Rientra a Cuba la brigata di salvataggio e soccorso che ha aiutato in Venezuela dopo i terremoti

Soccorritori cubaniFoto © Facebook / Minint Hoy

La Brigata di Salvataggio e Soccorso del Ministero dell'Interno (MININT) di Cuba è tornata sull'Isola nella serata di domenica dopo diverse settimane di operazioni in Venezuela, dove ha fornito supporto alle vittime dei devastanti terremoti del 24 giugno.

Según informó il MININT nei suoi social media,  gli specialisti sono stati ricevuti dai generali del Corpo d'Esercito Álvaro López Miera e Lázaro Alberto Álvarez Casas, ministri delle Forze Armate Rivoluzionarie e dell'Interno, rispettivamente.

Foto: Facebook / Minint Hoy

Il contingente era composto da 18 specialisti di diversi organi dell'istituzione armata, che hanno lavorato per diverse settimane nello stato di La Guaira insieme a personale medico cubano e di altre nazioni.

Foto: Facebook / Minint Hoy

La missione si è svolta nel contesto di uno dei disastri naturali più distruttivi nella storia recente del Venezuela: una doppia scossa sismica di magnitudo 7.2 e 7.5, separate da appena 39 secondi. La Guaira è stata dichiarata Zona di Disastro e le cifre ufficiali al 23 luglio registravano 5.398 decessi, mentre l'ONU stima fino a 50.000 dispersi.

Captura di Facebook / Minint Hoy

I soccorritori hanno operato specificamente a Caraballeda, dove hanno lavorato nel recupero di cadaveri sepolti sotto le macerie e nella messa in sicurezza di strutture crollate.

Uno dei membri ha descritto l'entità di quanto vissuto: «Una situazione estremamente catastrofica, un sinistro che in Cuba non abbiamo mai visto, un'esperienza che portiamo per Cuba, per trasmettere ai pompieri e ai soccorritori che rimangono nei nostri comandi».

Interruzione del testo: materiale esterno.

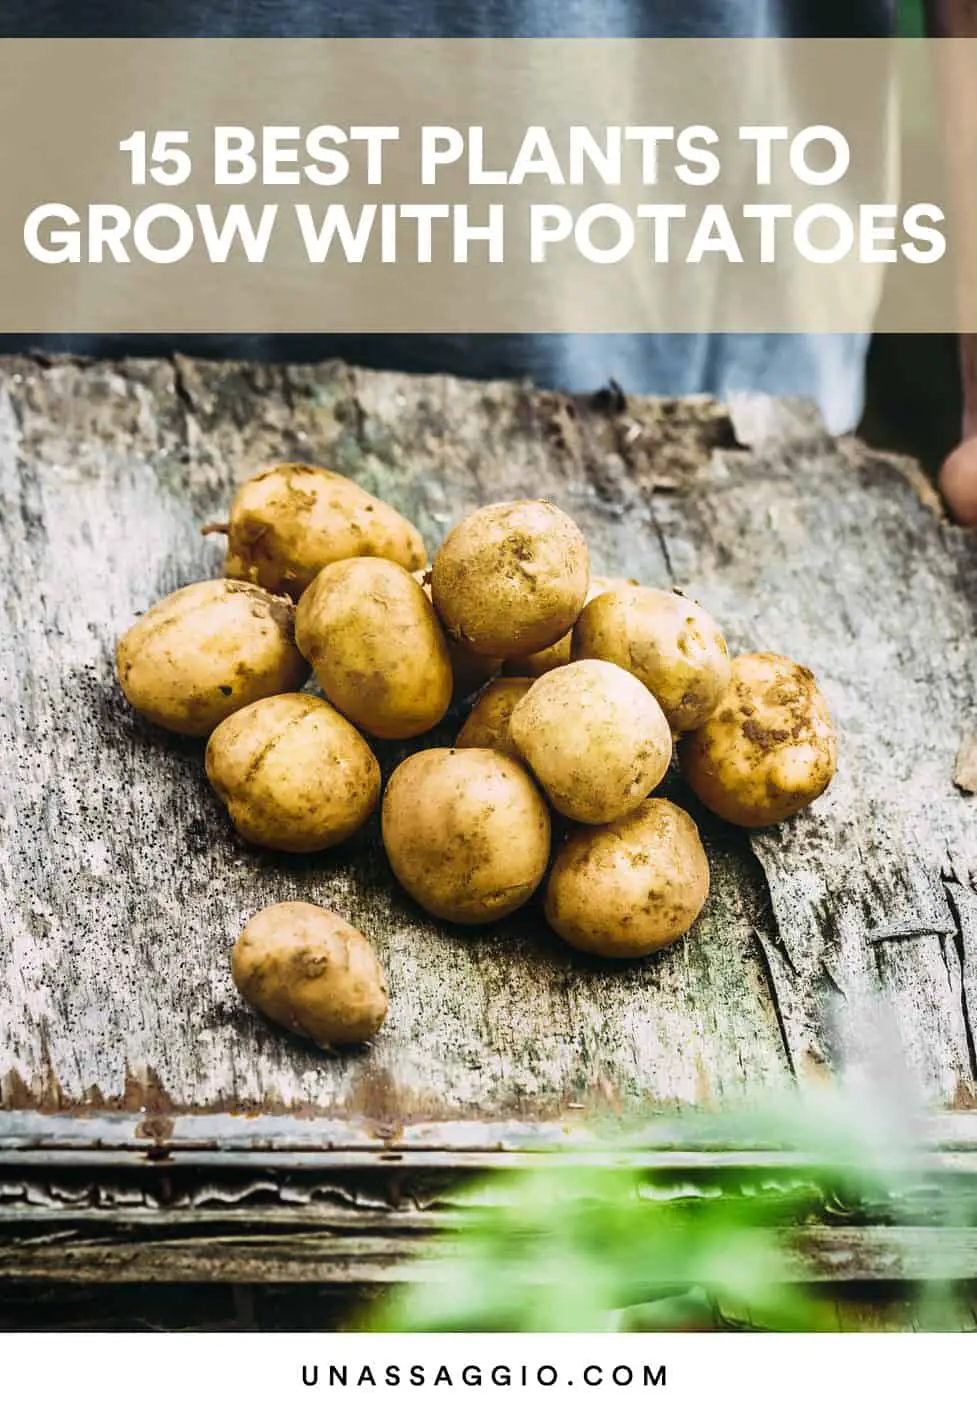 Potato companion plants

Un giorno prima della partenza, sabato, gli specialisti sono stati celebrati a Caracas con la Medaglia 16 Aprile e il Premio dell'Amicizia Venezuela-Cuba, in un evento organizzato dall'Ambasciata di Cuba in Venezuela e dal Gruppo di Lavoro Nazionale.

Quella distinzione si è aggiunta alle onorificenze che il governo venezuelano, guidato dalla presidente incaricata Delcy Rodríguez, ha conferito ai soccorritori cubani il 4 luglio, quando hanno ricevuto la medaglia «Eroi e Eroine del Venezuela» in una cerimonia con 478 specialisti di 12 nazioni.

Parallelo ai lavori di soccorso, un team di otto medici legali cubani -l'unico team internazionale specializzato nell'identificazione di cadaveri che ha operato insieme alle autorità venezuelane- è riuscito a identificare tra 50 e 60 corpi al giorno a La Guaira durante i primi giorni di luglio.

Il ritorno della brigata è avvenuto in una data ricca di simbolismo per il regime cubano: il 26 luglio, Giornata della Ribellione Nazionale, che il MININT ha sfruttato per inquadrare la missione come espressione di «impegno umanista e solidarietà» con il popolo venezuelano.

La missione, tuttavia, ha avuto una dimensione dolorosa che il regime non ha messo in evidenza nel suo comunicato: mentre i soccorritori venivano decorati, almeno 20 cubani risultavano scomparsi e otto erano stati confermati morti, tra cui una famiglia di sei membri ritrovata a Playa Grande. Il MINREX ha impiegato giorni per riconoscere ufficialmente la situazione dei propri cittadini colpiti dai sismi.

La brigata è stata il primo dei contingenti inviati da Cuba: un gruppo iniziale di 13 specialisti con tre cani addestrati -Tito, Eva e Choco- è arrivato in Venezuela il 28 giugno, seguito da un secondo gruppo di soccorritori, chirurghi e forensi con oltre sette tonnellate di attrezzature specializzate.